Once the stroller was ready to go, I strapped Ella in, unwrapped her bar for her, did a couple of useless stretches and started running.

I have a couple of 3-mile routes near my house that I do pretty regularly, and this one involved the nearby prairie path -– one mile to get to the path, a mile on it and then a mile to get home from there with Ella talking every bit of the way.  During the first mile, we crossed paths with a couple out for a walk.  I did my courtesy wave.  We saw them again on the path at the end of mile 2, and they acknowledged us with, “Wow, you’re fast!”  I told them I didn’t feel fast and then laughed.  Afterall, their comment was coming off of Ella asking me, “Are we walking?” as I ran, pushing her, uphill on the gravel path a few minutes before.
Cal used to do that, too.  Are we walking?  My kids have zero appreciation for how difficult it is to run much less run while pushing an additional 40-50 pounds of a chatty kid trying repeatedly to drum up some dialogue with me and we can’t discount the weight of the stroller, either.
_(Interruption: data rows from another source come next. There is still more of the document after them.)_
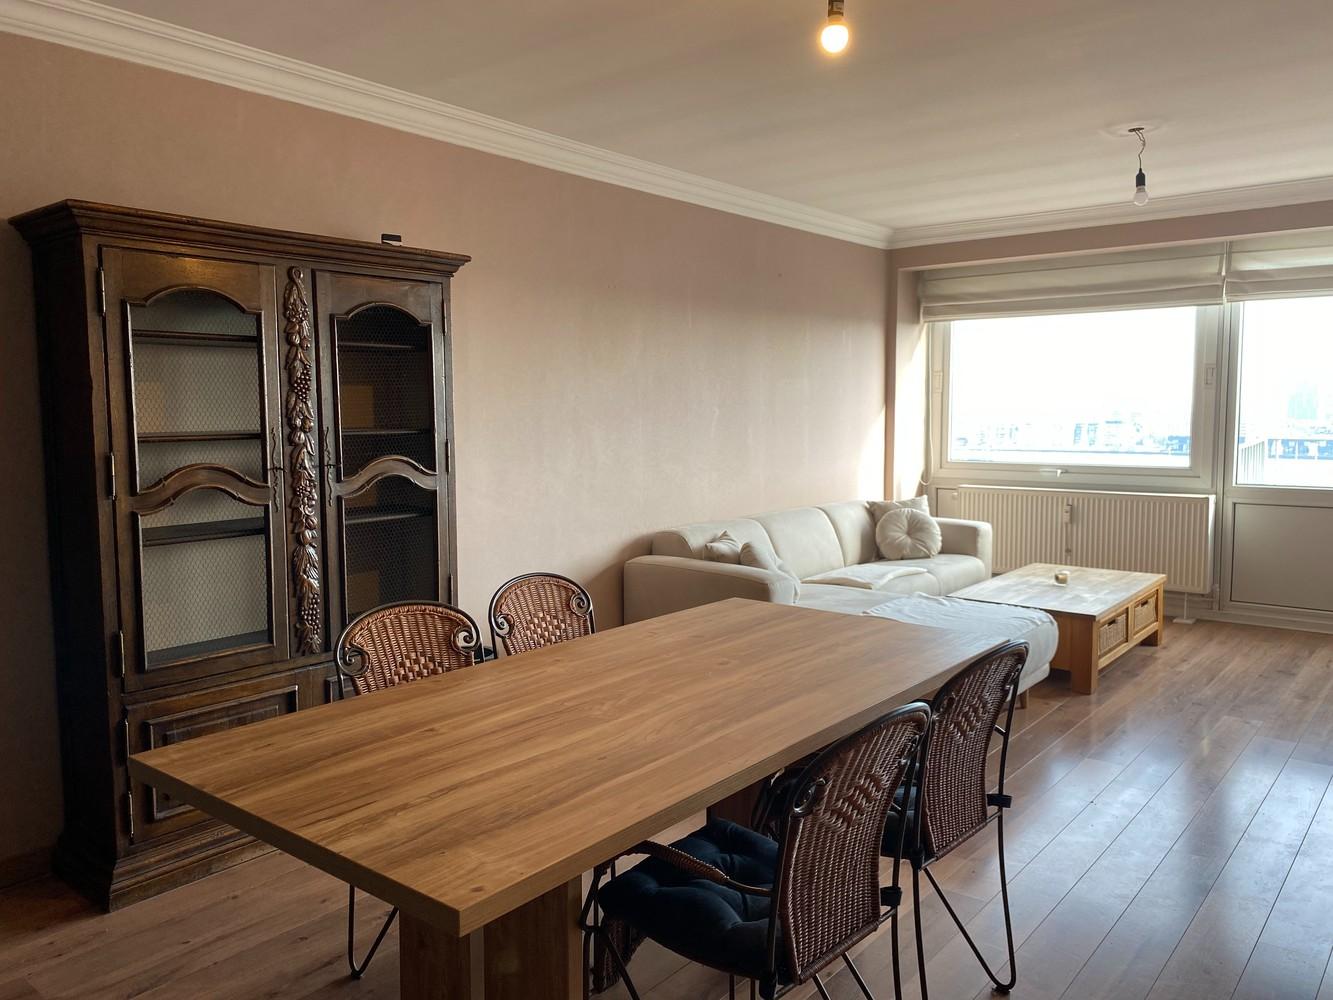 Lichtrijk, bemeubeld en ruim appartement met 2 slaapkamers & een uniek uitzicht over Antwerpen! afbeelding 6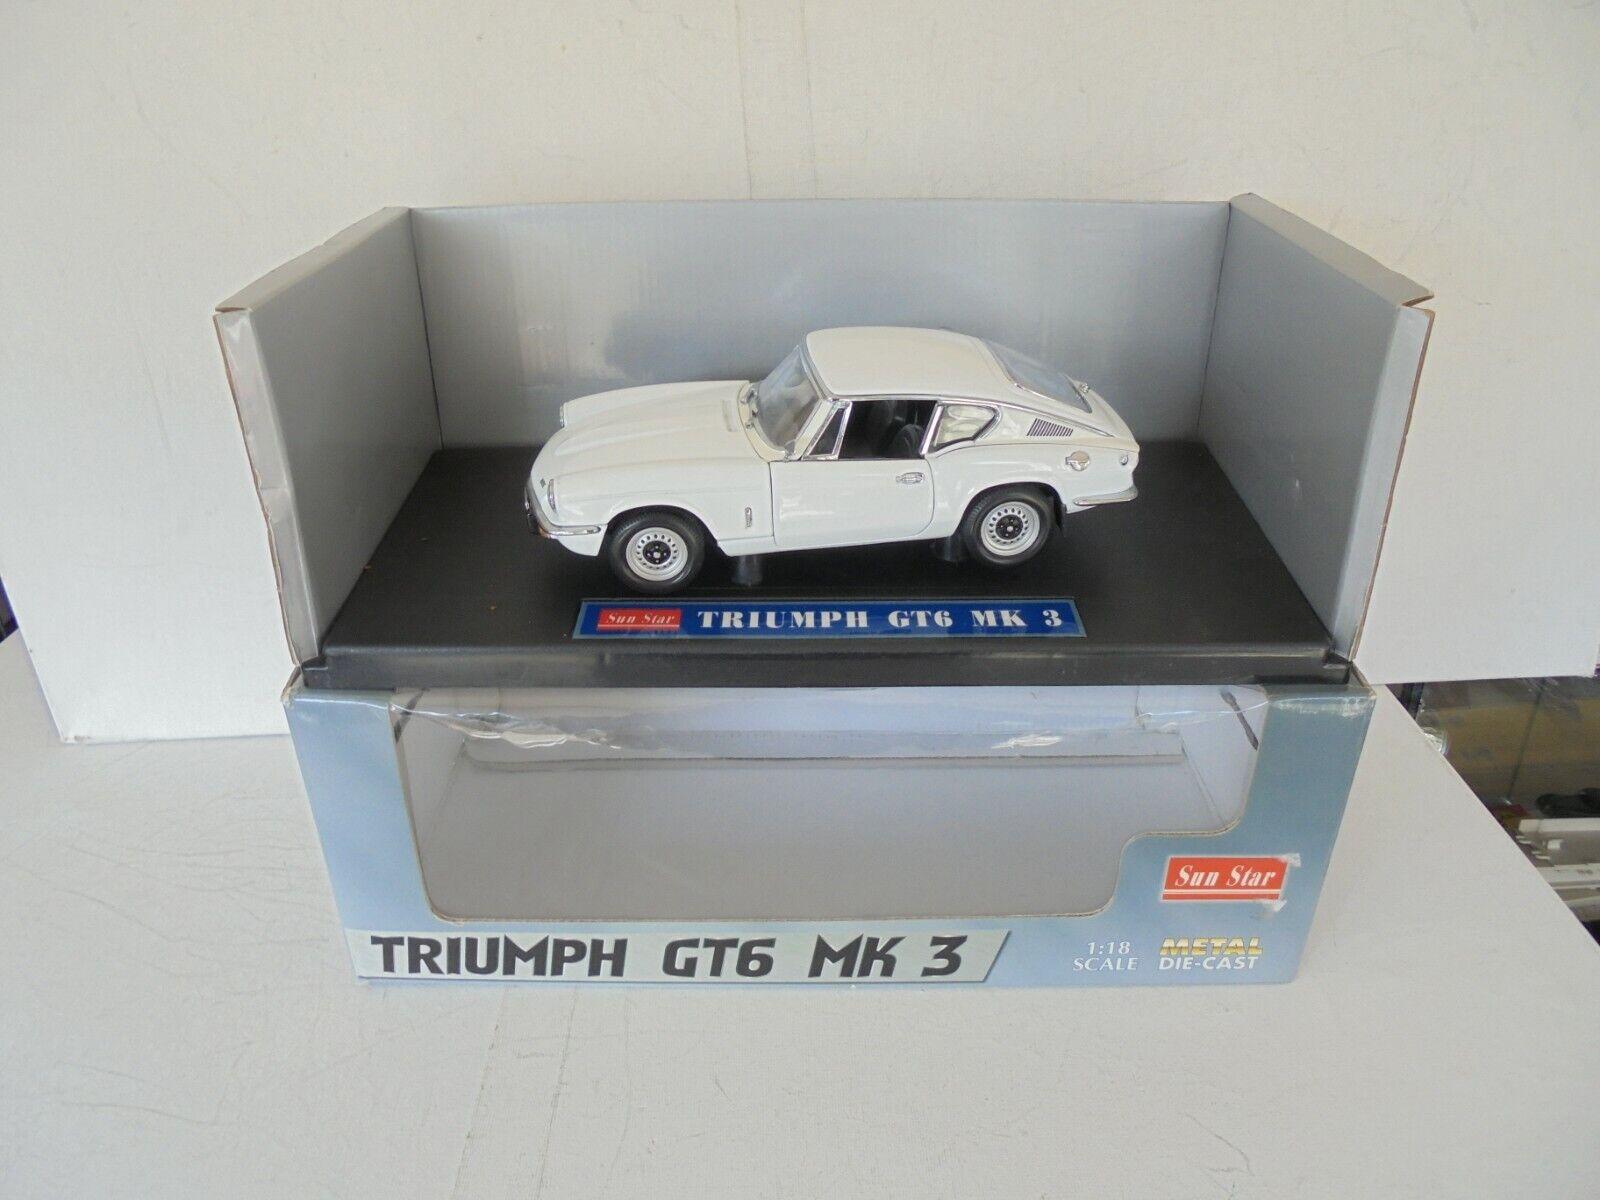 barato y de moda SunEstrella 1 18 Scale Diecast - - - 1057 Triumph GT6 MK3 blanco N Mint  IN box  ventas al por mayor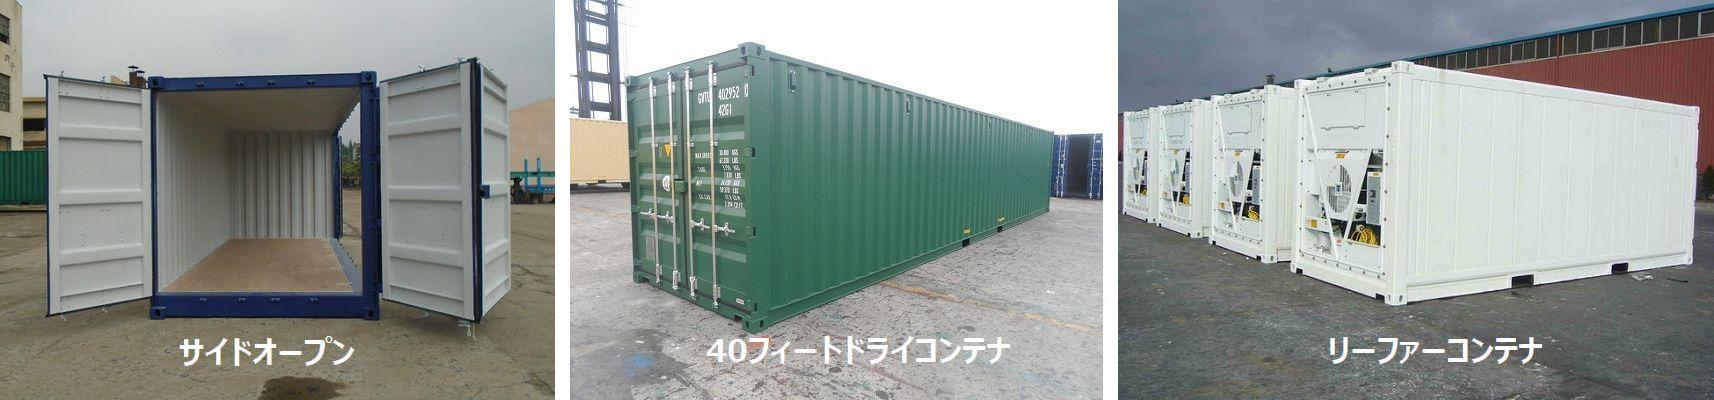 コンテナ販売のDAX 20フィートコンテナ 40フィートコンテナ サイドオープン 中古 新品 ドライコンテナ リーファーコンテナ

Needless to say, we finished our run without event -– no whining, no “I want to run,” no tears.  Our time was maybe a minute longer than it is when I run alone.  Not bad.  And we were both genuinely content.
As soon as we finished, I leaned over to give Ella “knucks” and thank her for running with me.  I unstrapped her from the stroller and helped her out, offering her my sweaty hand to help and dripping sweat from my forehead and arm onto her as I did so.  Ella recognized this and asked me if I was sweaty.  She’s a perceptive one, she is.

I was hunched over with my hands on my knees and breathing heavy as she asked me this.  “I AM sweaty,” I told her.
She proceeded to bend over with her hands on her knees and breathe heavy herself.  She then looked up and saw our neighbors outside and decided to announce to them, “I’m sweaty.  I just went for a run, and I’m sweaty.”

In the end, it was a really pleasant, albeit physically tough, run with Ella.  I'll take that any day over the reverse, if that's even a possible combination.  I guess sometimes being gluttons for punishment (or glass-is-half-full thinkers despite experience telling us otherwise) occasionally sets the stage for some happy surprises.